Looking at the other parts, we would think that a 5nm reduction with a new number of transistors would allow Apple to install more neural motor cores, for example, or to incorporate new graphics printing chips to enhance the functionality we've talked about. . Having more space to install new cores is very important because the Apple ecosystem today has a lot of shortages: an AV1 encoder.
Do you remember that we talked about chips doing certain tasks, if not, forcing multiple functions to achieve the same result? Our logarithm problem? That is happening today with AV1 video formats similar to YouTube using its 4K video.
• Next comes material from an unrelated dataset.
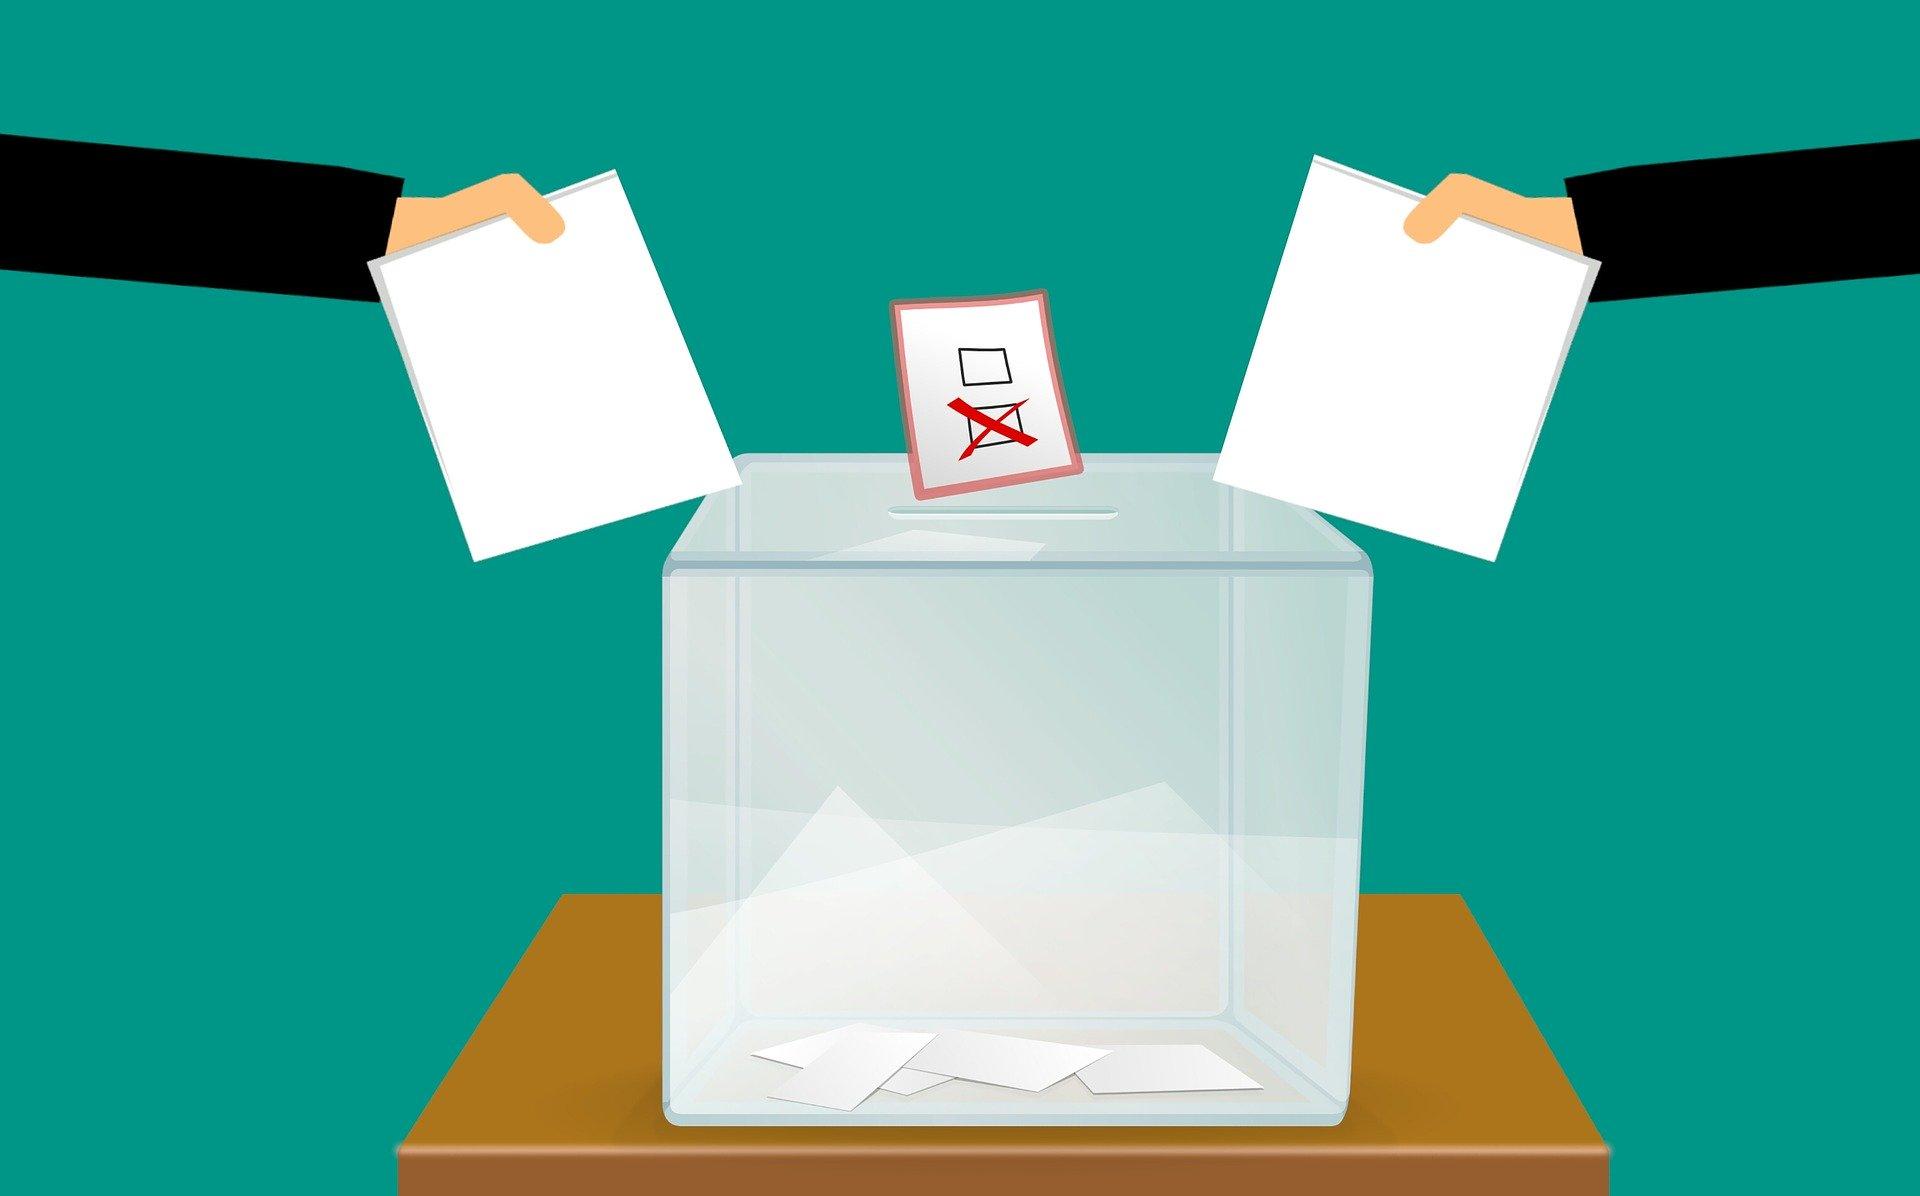 głosowanie na prezydenta - urna

AV1 is an open and free encoder for works of royalty, which is YouTube's use of its videos instead of the HEVC used by Apple because it has a secret chip and cut it. Why doesn't Apple TV 4K put 4K videos on YouTube? Because Google should install a standard encoder that will use more power from the Apple TV A10 Fusion processor. In fact, Apple belongs to the Consortium who created this standard and promoted it, as we've reported here in its day.
But if Apple were to create a video chip that supports AV1, it would not only support a more efficient scale and take up much less video space than the current HEVC. I can also get your products to play traditional YouTube videos, without punishing battery usage and using resources. And we can reduce bandwidth usage in a very important way. In fact, I bet the new Apple TV to be introduced this year will have the support of this AV1 installation.
Memory is also important: The iPhone now uses LPDDR4 memory (for several generations, directly from the A9). But Samsung (its memory provider) has begun to produce LPDDR5 memory, works very well, very quickly and that will start reaching all the top phones this year. It is natural to assume that Apple is installing it on its new devices.
These memories do not use up to 30% more energy alone performing the same tasks as before (so we have a lot of battery life and the same battery). And they are 30% faster.
New jump
Undoubtedly, all of these small improvements together in architecture, printing, number of transistors, component switches, memories, multiple cores, new video formats are supported … if we add all this, we can see that the CPU's technological development line continues to emerge and without a doubt, the A14 will still give you a lot to talk about. We will not forget that, speaking extensively, the A13 is an A12 review, though The A14 will be a new jump that will give us interesting targets.
I hope you found this article informative and we'll see what Apple does eventually with its ARM chips and what will happen when they arrive (because they will) on the Mac. How will they solve the problem of reducing the use of generic features?.